Rebuilding a RAID 5 array after a failure will add additional stress to all of the working drives, because every area on every disc marked as being "in use" must be read to rebuild the redundancy that has been lost. If drives are close to failure, the stress of rebuilding the array can be enough to cause another drive to fail before the rebuild has been finished, and even more so if the server is still accessing the drives to provide data to clients, users, applications, etc. Even without complete loss of an additional drive during rebuild, an unrecoverable read error (URE) is likely for large arrays which will typically lead to a failed rebuild.[37] Thus, it is during this rebuild of the "missing" drive that the entire RAID 5 array is at risk of a catastrophic failure. The rebuild of an array on a busy and large system can take hours and sometimes days.[37] Therefore, it is not surprising that, when systems need to be highly available and highly reliable or fault tolerant, other levels, including RAID 6 or RAID 10, are chosen.[37]
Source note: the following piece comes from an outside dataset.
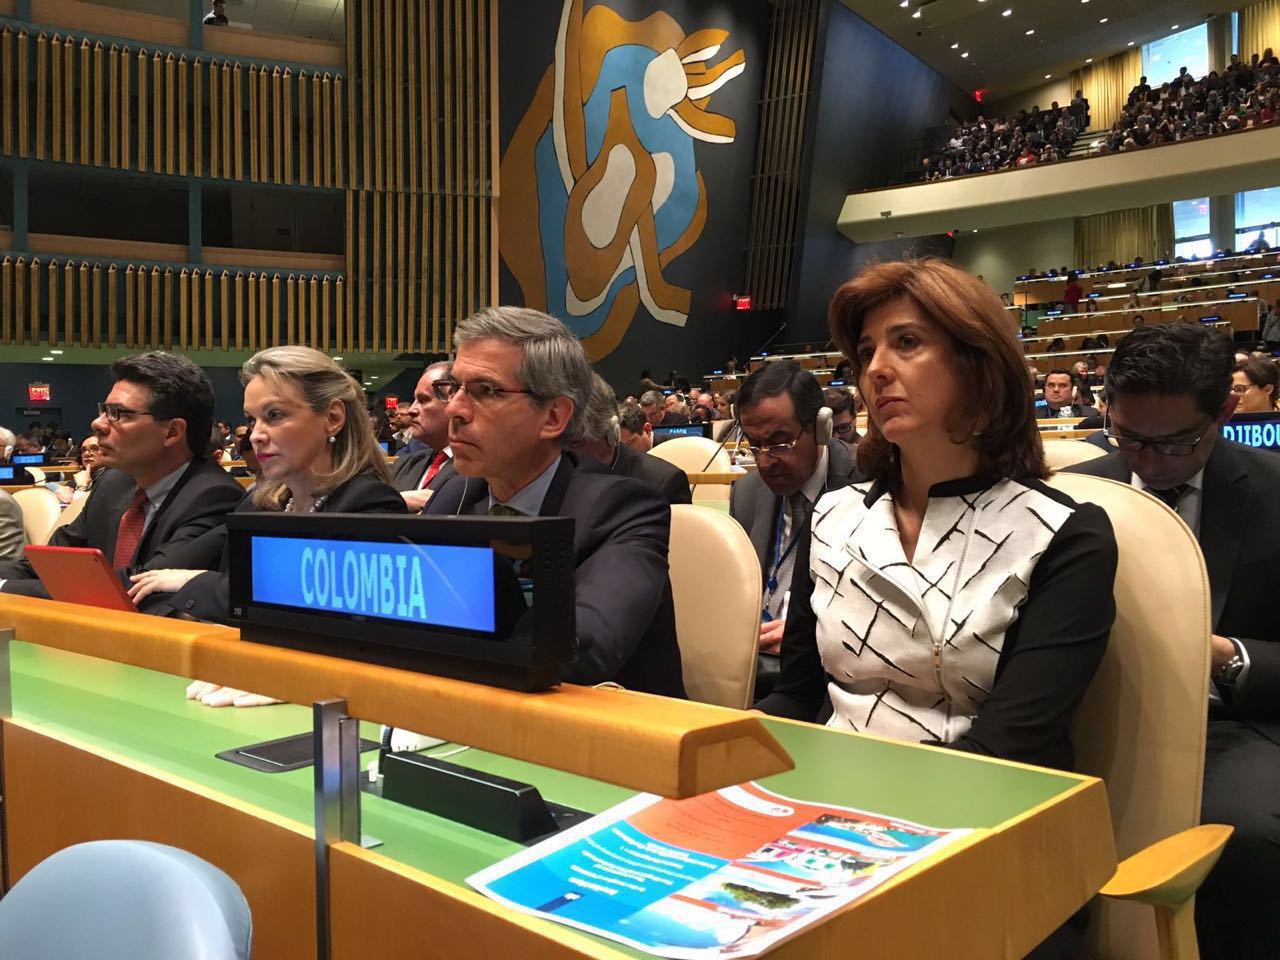 Canciller María Ángela Holguín participó en la apertura de la sesión especial de la Asamblea General de las Naciones Unidas (UNGASS) sobre drogas

With a RAID 6 array, using drives from multiple sources and manufacturers, it is possible to mitigate most of the problems associated with RAID 5. The larger the drive capacities and the larger the array size, the more important it becomes to choose RAID 6 instead of RAID 5.[37] RAID 10 also minimises these problems.[39]

As of August 2012, Dell, Hitachi, Seagate, Netapp, EMC, HDS, SUN Fishworks and IBM have current advisories against the use of RAID 5 with high capacity drives and in large arrays.[51]